Bob Dylan – The Freewheelin’ Bob Dylan
With the release of this album Bob Dylan cemented himself as one of the leading figures of the 1960s counterculture. Riding the wave of the American folk revival movement Dylan wrote protest songs that sound tracked the turbulent era of the civil rights movement and the Vietnam War. Although Dylan made a departure from this style on his subsequent albums, ‘Freewheelin’ still remains as a brilliant body of work that brilliantly captured the zeitgeist of it’s time.
Key Track: ‘Blowin’ in the Wind’
Gil Scott Heron – Small Talk at 125th and Lenox
This album was described as “a volcanic upheaval of intellectualism and social critique” by Allmusic editor John Bush. Recorded with a live audience in New York on the corner of 125TH street and Lenox Avenue, it features the first recording of Scott Heron’s most prominent and powerful work ‘The Revolution Will Not Be Televised’. This is political music at its most raw and paved the way for many political hip hop artists such as Public Enemy, giving Scott Heron his moniker ‘The Godfather of Hip Hop’.
Key Track: ‘The Revolution Will Not Be Televised’
Marvin Gaye – What’s Going On
Marvin Gaye’s first fully self-produced album is told from the point of view of a Vietnam War veteran returning to America, and seeing only hatred, suffering, and injustice in the country he has just fought for. Gaye’s introspective lyrics discuss themes of drug abuse, poverty, and war. He has also been credited with criticizing global warming before it had fully come to mainstream attention. Such was the power of this album that it received the highest ratings of the year from several leading American publications, including Time, Rolling Stone (who named it “Album of the Year”), The New York Times, and Billboard, who rewarded Gaye with the Billboard Trendsetter Award of 1971.

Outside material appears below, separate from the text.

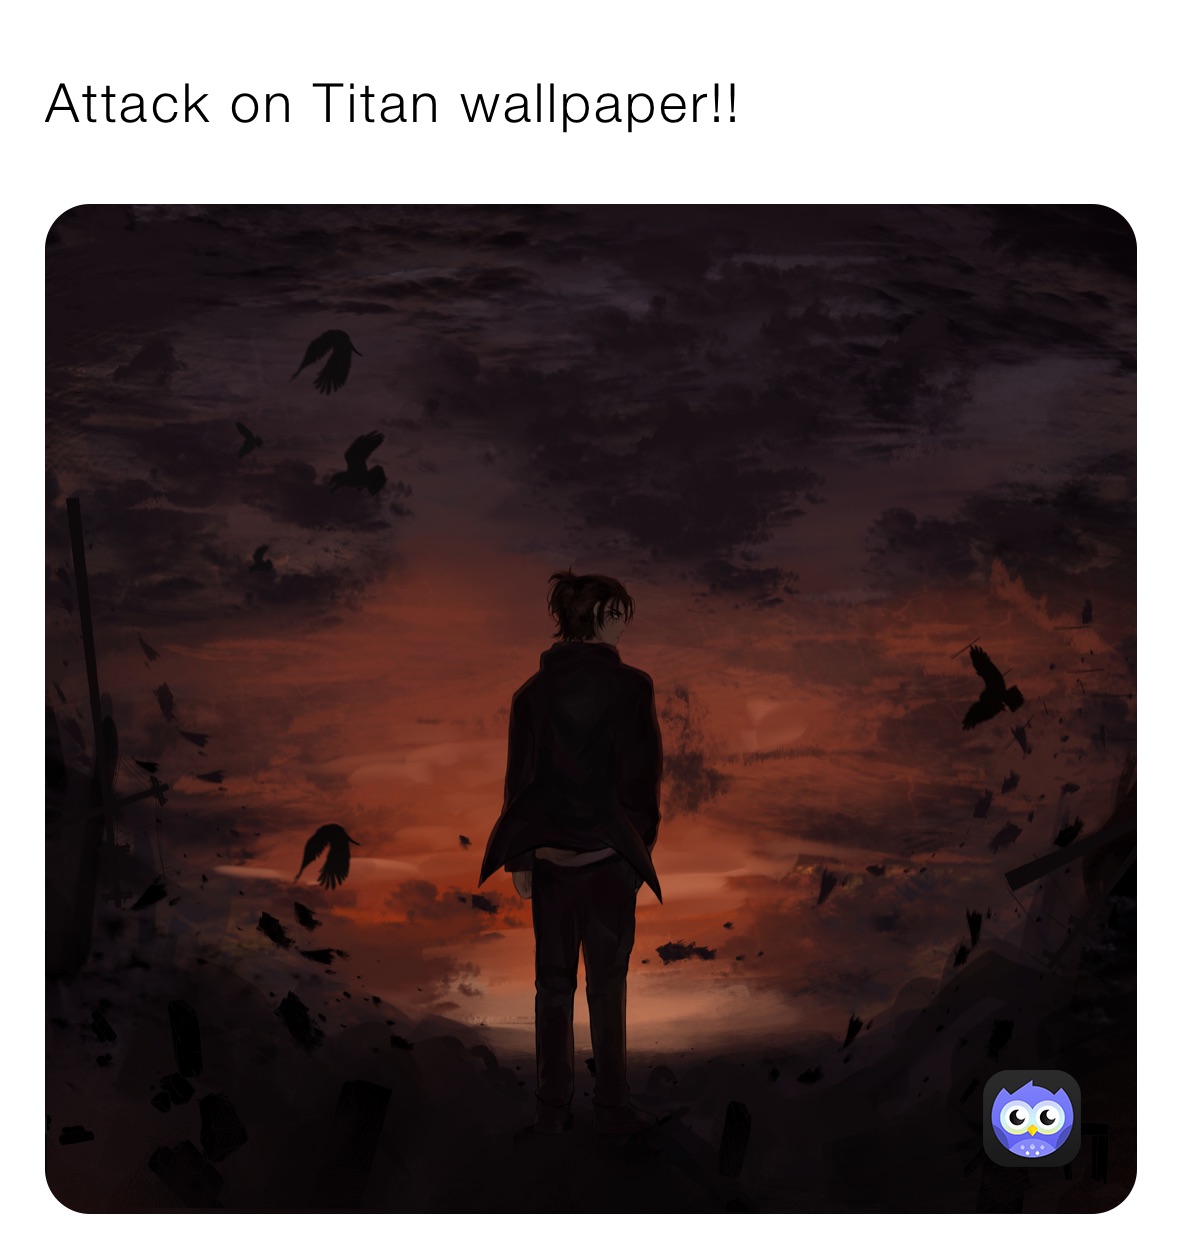 Attack on Titan wallpaper!!

Key Track: ‘What’s Going On’
Pink Floyd – Animals
Although this may not be the Floyd’s most well known album it is probably their most politically charged. With the rise of Punk as a reaction against the over-indulgence of progressive rock happening after the success of the group’s previous two albums The Dark Side of the Moon and Wish You Were Here, Pink Floyd took on a more aggressive and confrontational sound. Although they kept the long extended prog. jams, the songs were more politica
lly charged as the left-leaning Roger Waters questioned and scrutinised the British political system, most explicitly Mary Whitehouse and her fear mongering social conservatism.
Key Track: ‘Pigs (Three Different Ones)’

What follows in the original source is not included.